Dass es nun mit der Olympianorm knapp werden würde, war uns bewusst, jedoch hatten wir noch zwei Wettkämpfe vor uns, wo wir uns realistische Chancen ausrechneten, die Norm zu packen. Als uns dann die Nachricht erreichte, zum Grand Prix nach Kanada eingeladen worden zu sein, freuten wir uns sehr. Später jedoch bemerkten wir, dass dieser zeitgleich mit unserem Wettbewerb in Olomouc stattfinden würde.

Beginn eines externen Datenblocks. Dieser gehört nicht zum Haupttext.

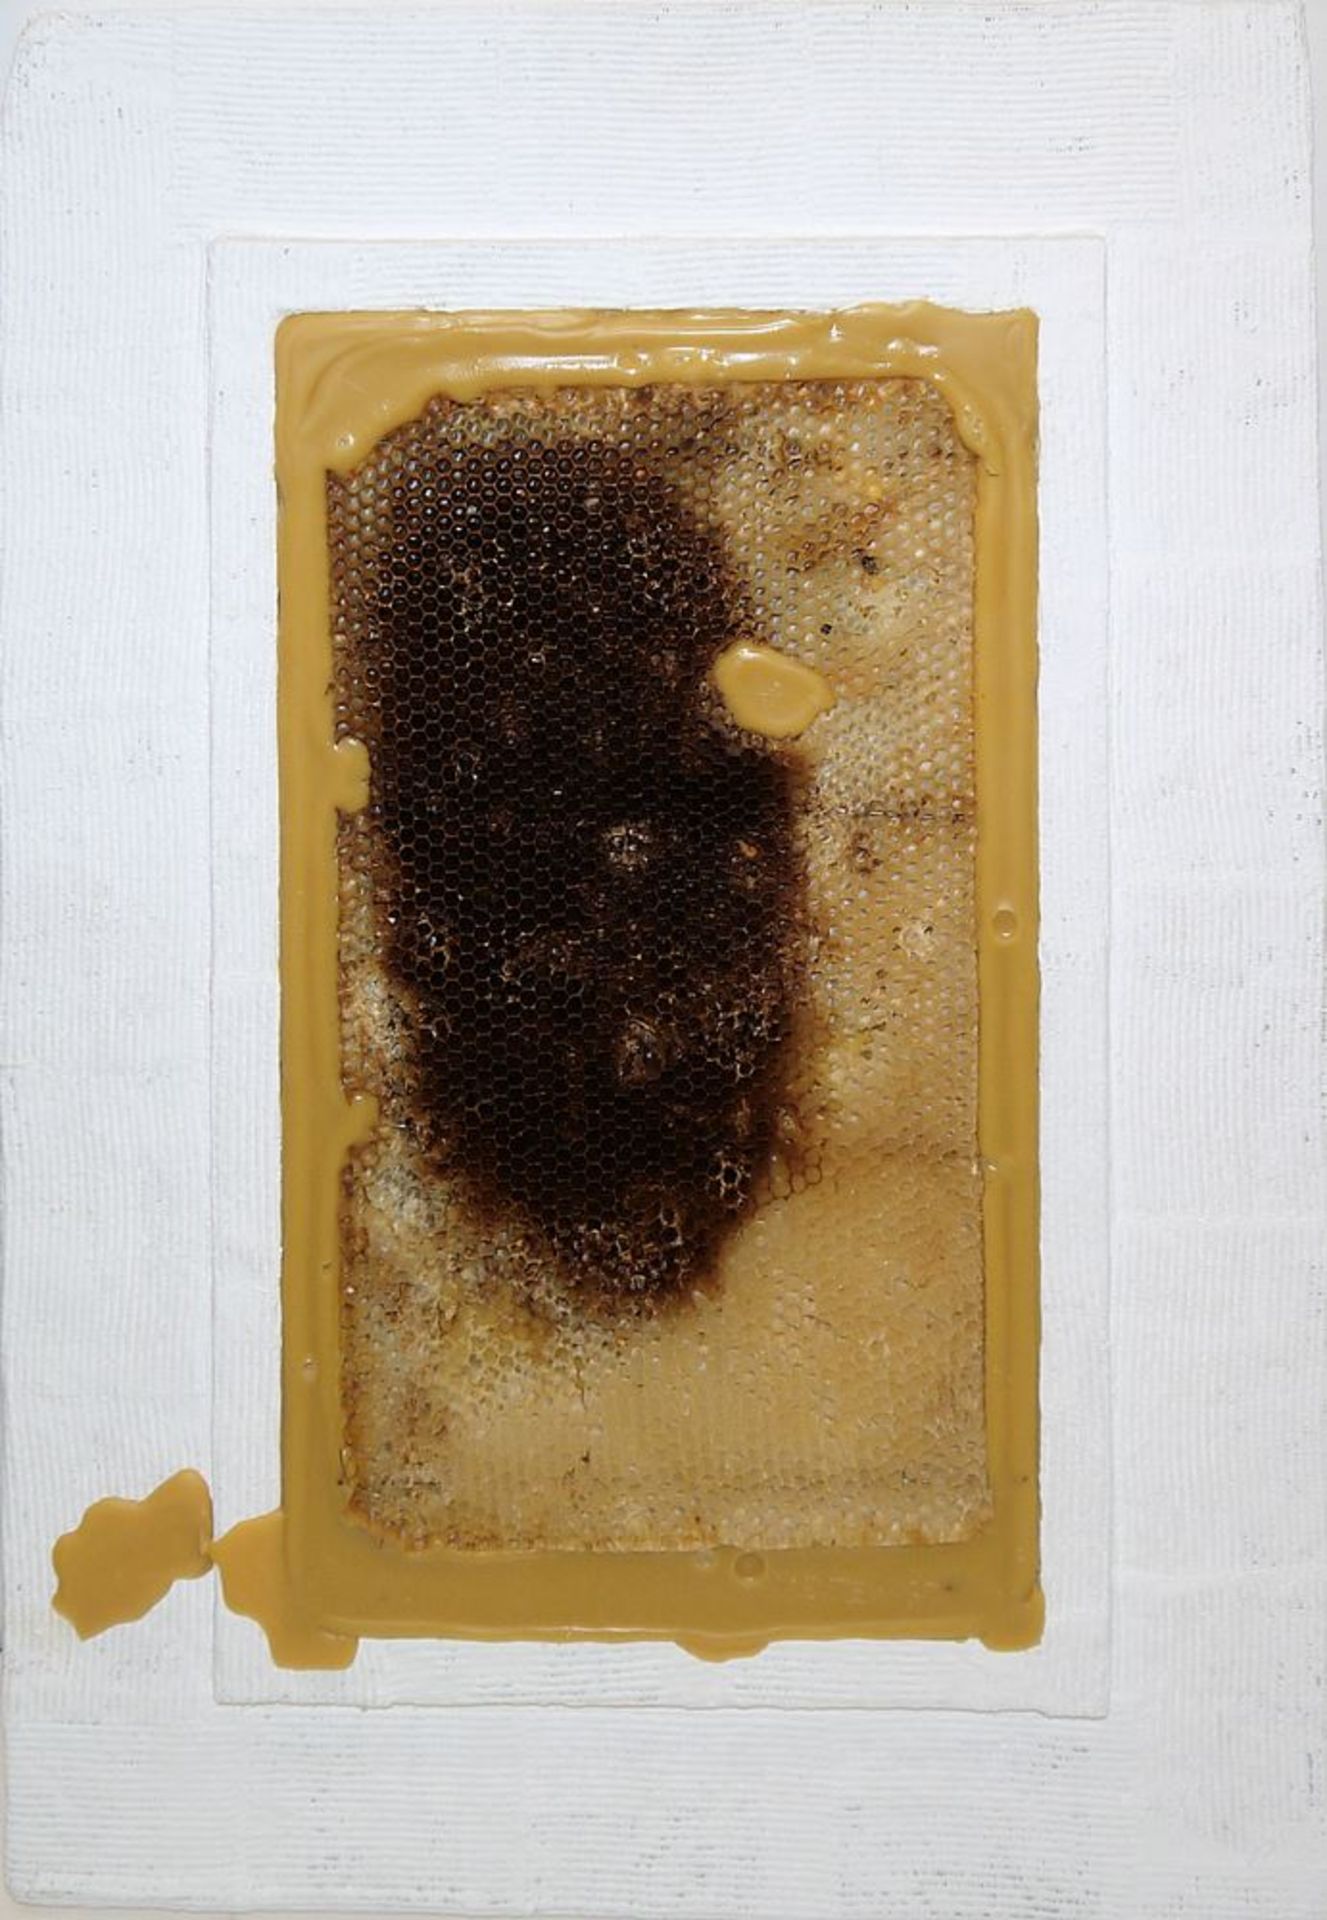 Johannes Metten, "Mutationen in Wachs", 2 signierte Wachs-Reliefs mit Bienenwaben von 1997

Dies bedeutet, eine wichtige Chance für die Olympianorm zu verlieren, denn wie man bei den Ergebnissen in Paris, Moskau und Peking sehen konnte, sind die Punktevergaben strenger bei einem Grand Prix im Vergleich zu einem anderen Wettbewerb.

Seit dem 1.10. ist Daniel nun auch bei der Bundeswehr und leistet dort seinen Grundwehrdienst ab. Dadurch dass wir beide nun in der Sportfördergruppe der Bundeswehr sind, werden wir finanziell etwas entlastet.

Mitte Oktober wurde auf dem NDR eine Reportage über unsere Mutter mit den jüngsten drei Geschwistern über ihr Leben auf Rügen gesendet, welche unsere Familie ein wenig beschreibt. Unter dem Titel "Sieben Kinder, 40 Pferde: Der Reiterhof Viervitz" bekam man dabei einen guten Einblick, was es heißt, ein "Hermann" zu sein.

So schwer es in den letzten Tagen geworden ist, heißt es für uns jetzt, den Kopf nicht in den Sand zu stecken und weiterzumachen.